How to Do CrossFit While Practicing Martial Arts Skills at the Same Time

Martial artists need to hone their skills every day. But we also need strength, agility, endurance, explosiveness, and flexibility.

Training even one of these attributes can take a lot of time out of your day. But as Bruce Lee said, “If you’re talking about combat–as it is–well then, baby you’d better train every part of your body!” So what’s a busy, non-professional martial artist to do?

bruce lee, quote, inspiration, martial arts

We can’t forget to train our skills, right?

I harbor this fantasy that I might someday be able keep up with all the CrossFitters out there. That’s why I devised some ideas about combining workouts that I experimented with and described on the Jacked Dad blog. I felt great doing these workouts, but they’re not sport specific–especially for martial arts. I didn’t feel like I was getting enough skill work in, and that’s a problem.  Here’s how I’m trying to get fit while practicing martial arts skills at the same time. 

Over the past few weeks, I tried something new. I started splitting exercises by what works for striking and what works for grappling. This is different than a strength and conditioning coach’s approach because it adds skill-work into the mix. It also differs from most other programs because improving an athlete’s fitness isn’t the main goal; improving martial arts performance is.

I’ve been alternating between workouts to better my striking and workouts to enhance my grappling. What I do is pick several items from the following “menus” and then chose exercises that I know will fit together.

  • Striking: explosive lifts, plyometrics, strength/plyo sets, interval training, agility drills, bagwork, shadowboxing, footwork, kata, core torquing/twisting, forearm strength, bone and muscle pounding
  • Grappling: heavy lifts, gymnastics, body weight exercises, static holds, isometrics, muscle endurance circuits, complexes, grappling dummy, Ginastica Natural, yoga, grip strength, grip endurance, core crunching and flexing, neck strength

So far, by combining these exercises into separate days dedicated to either striking or grappling, I have started becoming fitter and more adept at the skills I need to practice.

If you’re looking for a great way to incorporate fitness and skills training, here are some sample workouts to get you started!

Striking Workout A

1. Explosive strength:
390lbs sumo deadlift x3 / 5 squat jumps
100lbs one-arm bench press x2 / 50lbs x5
320 sumo deadlift x5 / 5 squat jumps
75 one-arm bench press x5 / 50# x5

This segment of the workout improves explosiveness by actually recruiting slow twitch muscle fibers to act as fast twitch muscle fibers.  Doing a super set of heavy lifting followed by plyometrics is an extremely effective way to improve speed and power.  Ever see a baseball player on deck swing his bat with a weight on it?  That makes his swing faster when he steps up to the plate!

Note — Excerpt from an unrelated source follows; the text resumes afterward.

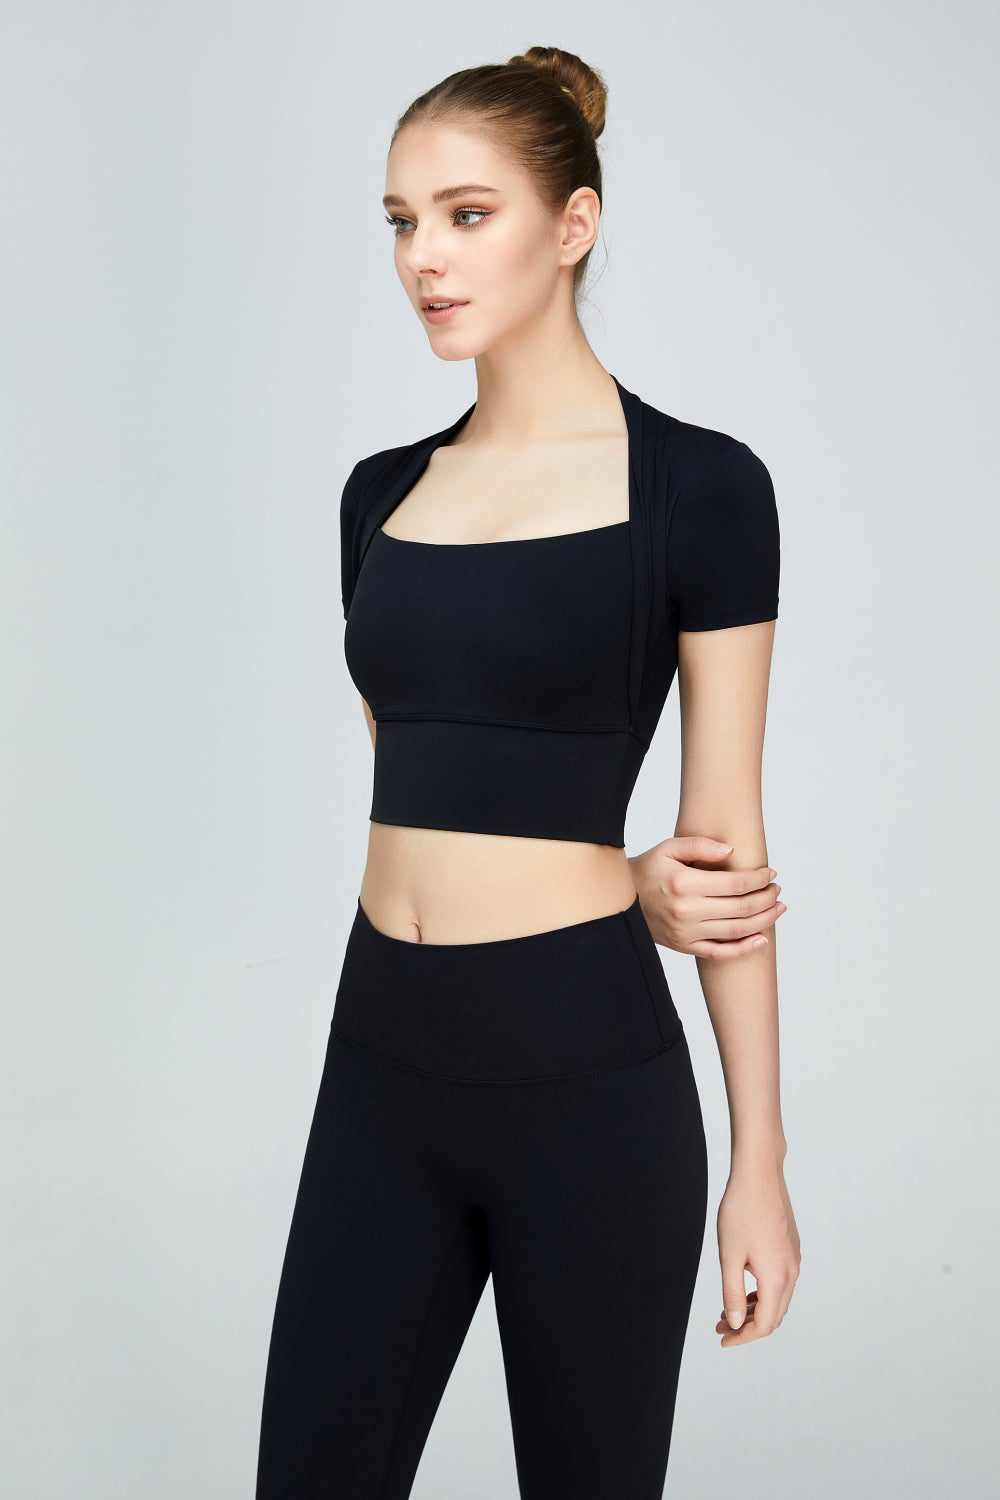 Women’s Short Sleeve Cropped Sports Top

2. Skills and conditioning:
two tabata intervals of alternating kicks and punching band pulls

3. Core torque:
sledgehammer twists 3 sets x 10 per side (this video isn’t exactly how I do it: I twist less and explode more)

4. Forearms:
wrist roller

Grappling Workout A
1. Cardiovascular endurance:
one mile run (as fast as possible)

2. Muscular endurance:
5 minutes burn machine

3. Grappling skills and core:
guard spins
triangle set-ups
running man escapes
mount and knee-on-belly stability ball

4. Core flex:
stability ball crunches

5. Grip:
towel pull-ups (assisted or hangs are okay)

6. neck:
“yes sir, no sirs” (For this, lie on a bench or on the floor, nod your head up and down and side to side.  Then lie on your stomach and repeat the same motions.  Don’t go crazy; just try to feel a burn.)

Striking Workout B

1. Explosive strength:
5×4 dumbbell snatches @60lbs
4×4 dumbell clean and jerk @100lbs
slow kata for active rest between sets

2. Skills and conditioning:
kata with training mask on red

3. Core torque:
torture twist

4. Forearms:
dumbbell wrist twist

Grappling Workout B

1. Max strength, muscle endurance, cardio conditioning:
barbell squats, 50 reps @ 145
barbell bench press, 50 reps @ 145

2. Grappling skills and core flex:
10 minutes unscripted grappling drills and tumbling

3. Grip:
300lbs. hand gripper 3×3

4. Neck:
wrestler’s bridge

wrestler's bridge, fitness, workout, crossfit, martial arts

As an additional note, these workouts take about an hour each.  This includes warming up and static stretching afterwards.  I usually train six days per week–sometimes seven.  When I teach a martial arts class or visit the gym or dojo, I don’t usually do any supplemental training, as I consider it an active rest/recovery day.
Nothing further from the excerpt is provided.